Question
Question 4. If you want to, please let us know what is the approximate effort (in terms of FTEs) needed to support storage at your site, as is currently deployed and at the current capacity? If it makes sense, you may split the effort between any VO-specific support effort and generic (VO agnostic) effort.
Answers
CERN
EOS - Difficult to quantify and not very representative (complex mix of dev, ops and fabric management).

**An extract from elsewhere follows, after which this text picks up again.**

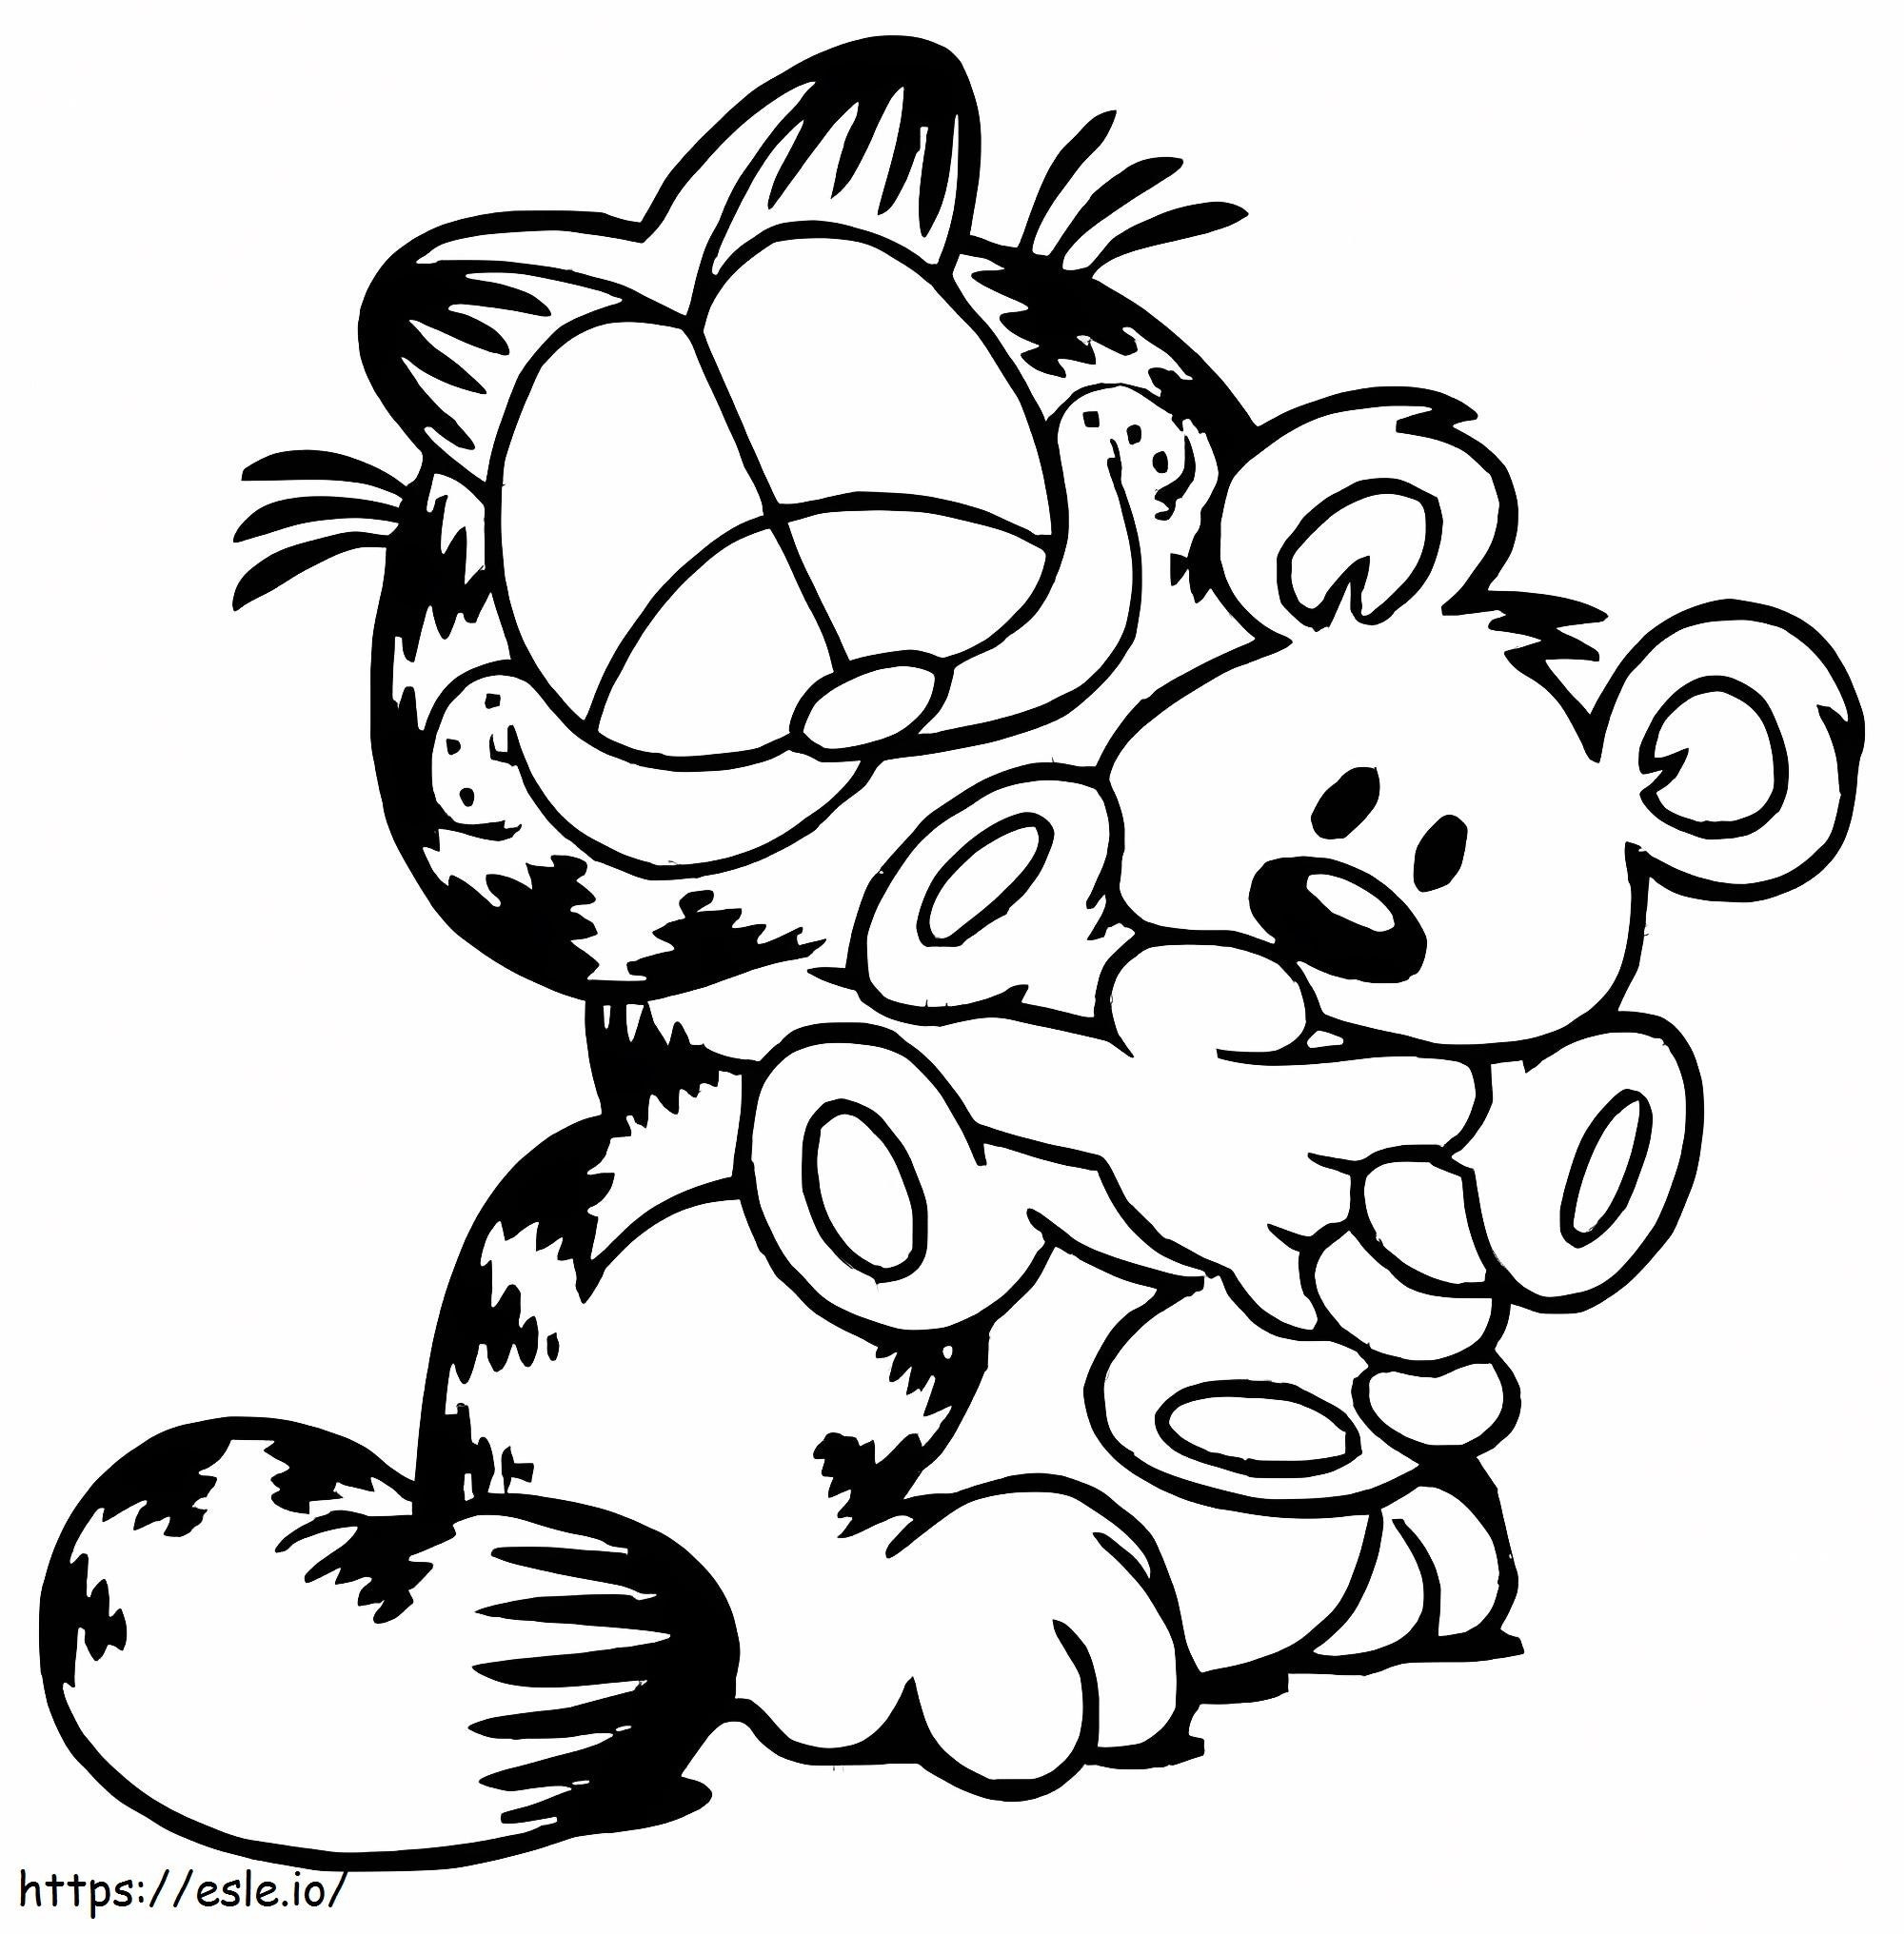 Happy Garfield Holding Teddy Bear coloring page

Ceph - ~2 FTE on operations
Castor - ~2FTE across disk and tape ops
hephy-Vienna
0.5 FTE.
KI-LT2-QMUL
2/3 FTE (including procurement, installation, configuration, maintainance)
UKI-LT2-RHUL
0.25 FTE
RO-13-ISS
Nebraska
Storage support varies from week to week. It likely averages between .25 to .5 FTE. When we commission new storage devices that can be a bit time consuming but the bulk of our storage effort is in monitoring and replacing failed media.
INFN-ROMA1
About 0.5 FTE
NDGF-T1
2
BEgrid-ULB-VUB
0.8 FTE
NCG-INGRID-PT
1 FTE
The effort required to provide the storage is very low, as most of the actions are automatized. It is less than 0.2 FTE.
LRZ-LMU
1.0
CA-WATERLOO-T2
1 FTE (main support 0.8 FTE for grid admin + 0.2 of other sys admins)
CA-VICTORIA-WESTGRID-T2
.5
Taiwan_LCG2
1. We will need at least two FTEs to maintain our storage system. However, the idea FTE will be three.
2. Yes, it kinda makes sense to split effort between specific VO support and generic support.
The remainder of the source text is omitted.